## EXERCISE OBJECTIVE:
Extract every line of the material below and reproduce it faithfully.

## LISTED ENTRIES:
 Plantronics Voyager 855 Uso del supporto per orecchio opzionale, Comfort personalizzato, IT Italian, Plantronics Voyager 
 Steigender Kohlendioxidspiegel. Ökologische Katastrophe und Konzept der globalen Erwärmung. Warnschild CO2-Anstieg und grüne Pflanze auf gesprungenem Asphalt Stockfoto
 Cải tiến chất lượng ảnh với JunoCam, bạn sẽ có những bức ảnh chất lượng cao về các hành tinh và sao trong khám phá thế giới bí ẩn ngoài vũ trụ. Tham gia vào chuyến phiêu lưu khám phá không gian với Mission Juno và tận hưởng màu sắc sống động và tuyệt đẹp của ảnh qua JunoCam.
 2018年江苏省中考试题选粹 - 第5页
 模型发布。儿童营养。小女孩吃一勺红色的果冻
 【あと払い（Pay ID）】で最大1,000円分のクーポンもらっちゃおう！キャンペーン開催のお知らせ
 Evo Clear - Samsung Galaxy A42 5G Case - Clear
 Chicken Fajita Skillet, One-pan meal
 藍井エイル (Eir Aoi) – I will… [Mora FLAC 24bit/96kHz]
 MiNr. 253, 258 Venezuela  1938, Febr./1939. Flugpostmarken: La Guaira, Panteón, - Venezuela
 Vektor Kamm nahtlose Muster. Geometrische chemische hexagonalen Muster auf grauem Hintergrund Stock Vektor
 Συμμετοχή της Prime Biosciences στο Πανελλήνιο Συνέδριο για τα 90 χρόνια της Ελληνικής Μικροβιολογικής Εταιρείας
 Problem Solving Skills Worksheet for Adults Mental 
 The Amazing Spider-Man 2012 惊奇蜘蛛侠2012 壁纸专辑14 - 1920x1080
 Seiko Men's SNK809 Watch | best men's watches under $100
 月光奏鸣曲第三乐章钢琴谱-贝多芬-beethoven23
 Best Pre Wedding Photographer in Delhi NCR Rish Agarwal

## SOLUTION FOR THIS PROBLEM:
 Plantronics Voyager 855 Uso del supporto per orecchio opzionale, Comfort personalizzato, IT Italian, Plantronics Voyager 
 Steigender Kohlendioxidspiegel. Ökologische Katastrophe und Konzept der globalen Erwärmung. Warnschild CO2-Anstieg und grüne Pflanze auf gesprungenem Asphalt Stockfoto
 Cải tiến chất lượng ảnh với JunoCam, bạn sẽ có những bức ảnh chất lượng cao về các hành tinh và sao trong khám phá thế giới bí ẩn ngoài vũ trụ. Tham gia vào chuyến phiêu lưu khám phá không gian với Mission Juno và tận hưởng màu sắc sống động và tuyệt đẹp của ảnh qua JunoCam.
 2018年江苏省中考试题选粹 - 第5页
 模型发布。儿童营养。小女孩吃一勺红色的果冻
 【あと払い（Pay ID）】で最大1,000円分のクーポンもらっちゃおう！キャンペーン開催のお知らせ
 Evo Clear - Samsung Galaxy A42 5G Case - Clear
 Chicken Fajita Skillet, One-pan meal
 藍井エイル (Eir Aoi) – I will… [Mora FLAC 24bit/96kHz]
 MiNr. 253, 258 Venezuela  1938, Febr./1939. Flugpostmarken: La Guaira, Panteón, - Venezuela
 Vektor Kamm nahtlose Muster. Geometrische chemische hexagonalen Muster auf grauem Hintergrund Stock Vektor
 Συμμετοχή της Prime Biosciences στο Πανελλήνιο Συνέδριο για τα 90 χρόνια της Ελληνικής Μικροβιολογικής Εταιρείας
 Problem Solving Skills Worksheet for Adults Mental 
 The Amazing Spider-Man 2012 惊奇蜘蛛侠2012 壁纸专辑14 - 1920x1080
 Seiko Men's SNK809 Watch | best men's watches under $100
 月光奏鸣曲第三乐章钢琴谱-贝多芬-beethoven23
 Best Pre Wedding Photographer in Delhi NCR Rish Agarwal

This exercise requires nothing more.